I was wondering if there're other ways to really make sure that the ciphers, if disabled, are no longer used by the server?

mopkaloppt
  • 40
  • 1
  • 6
  • 1
    Stack Overflow is a site for programming and development questions. This question appears to be off-topic because it is not about programming or development. See [What topics can I ask about here](http://stackoverflow.com/help/on-topic) in the Help Center. Perhaps [Unix & Linux Stack Exchange](http://unix.stackexchange.com/) or [Information Security Stack Exchange](http://security.stackexchange.com/) would be a better place to ask. – jww Sep 16 '16 at 14:51
  • Try `-cipher 'HIGH:!aNULL:!MD5:!RC4'`. The single quotes are needed to ensure the bang is not interpreted by the shell. Also see tools like [SSL-Scan](https://github.com/rbsec/sslscan), and SSL Lab's scanner at [ssllabs-scan](https://github.com/ssllabs/ssllabs-scan). – jww Sep 16 '16 at 14:55

1 Answers1

1

Another way is using Nmap (you might have to install it). It is a utility for network discovery and security auditing.

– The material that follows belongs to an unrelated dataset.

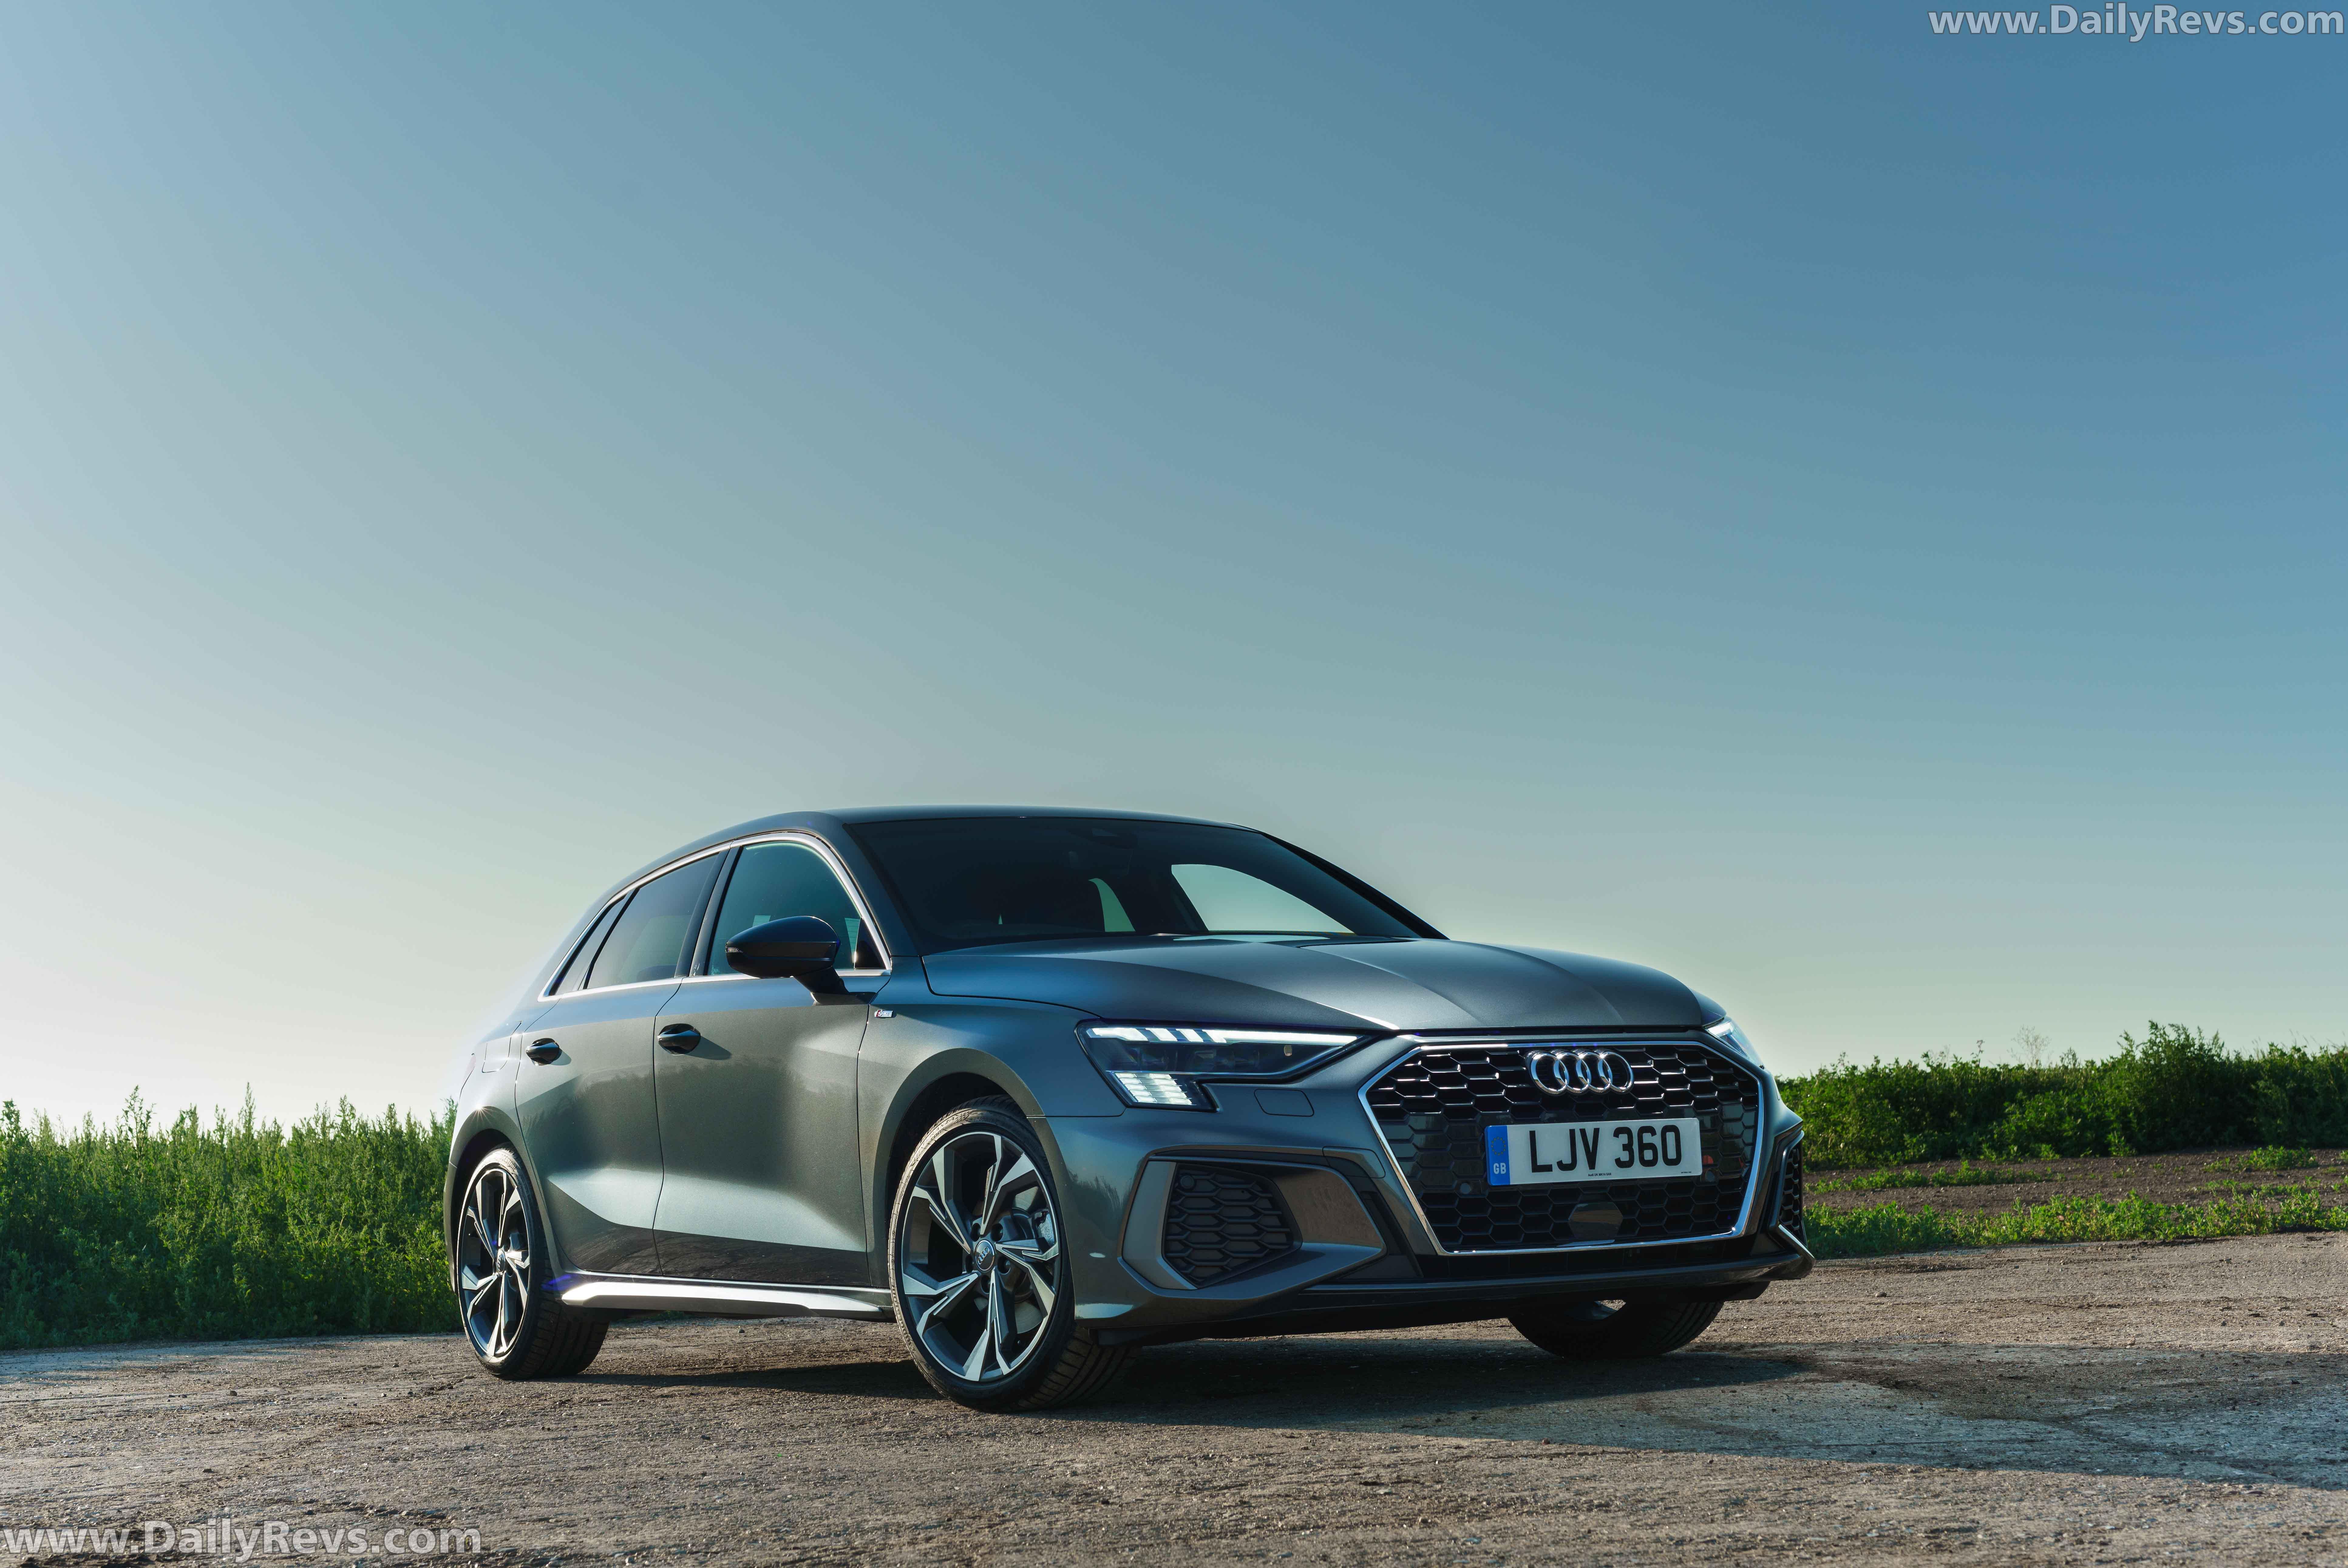 2021 Audi A3 Sportback UK - Dailyrevs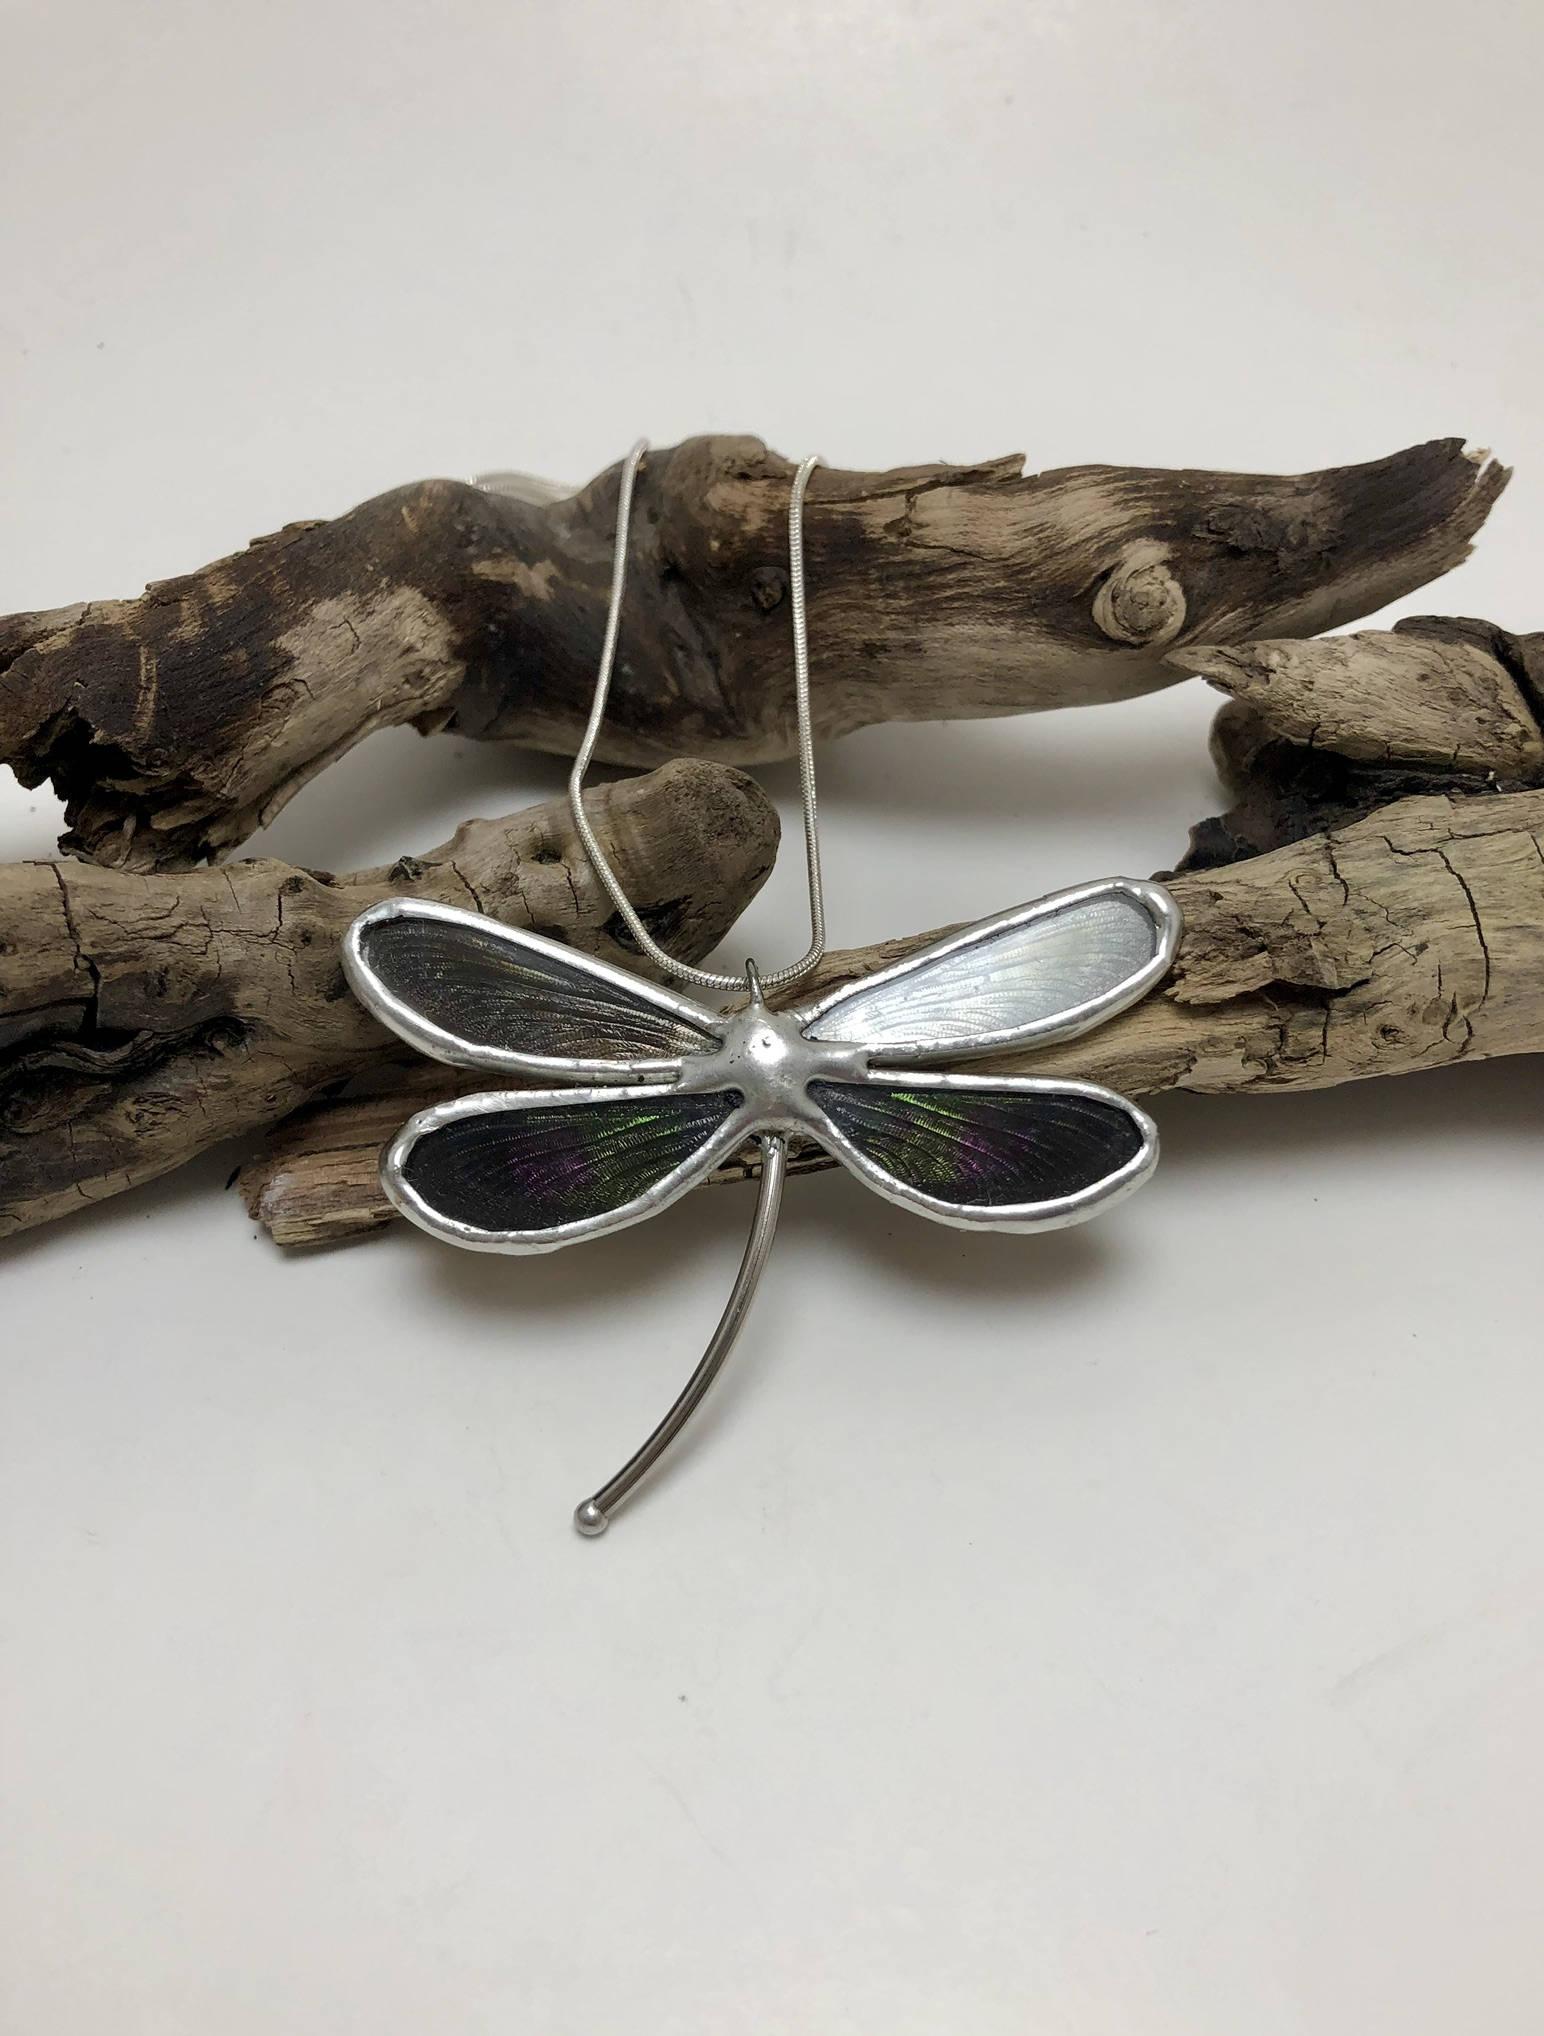 Real dragonfly jewelry, dragonfly jewelry, real butterfly jewelry ...

Nmap (I've tried v5.51) comes with a set of [Nmap]: NSE scripts designed to automate a wide variety of networking tasks.

One of them is [Nmap]: Script ssl-enum-ciphers. Basically it does the same thing you described: it tries to open connections to the server using different ciphers and creates a report based on the server's response (accept / reject connection).

A sample run could be: nmap --script ssl-enum-ciphers -p${PORT} ${HOST}.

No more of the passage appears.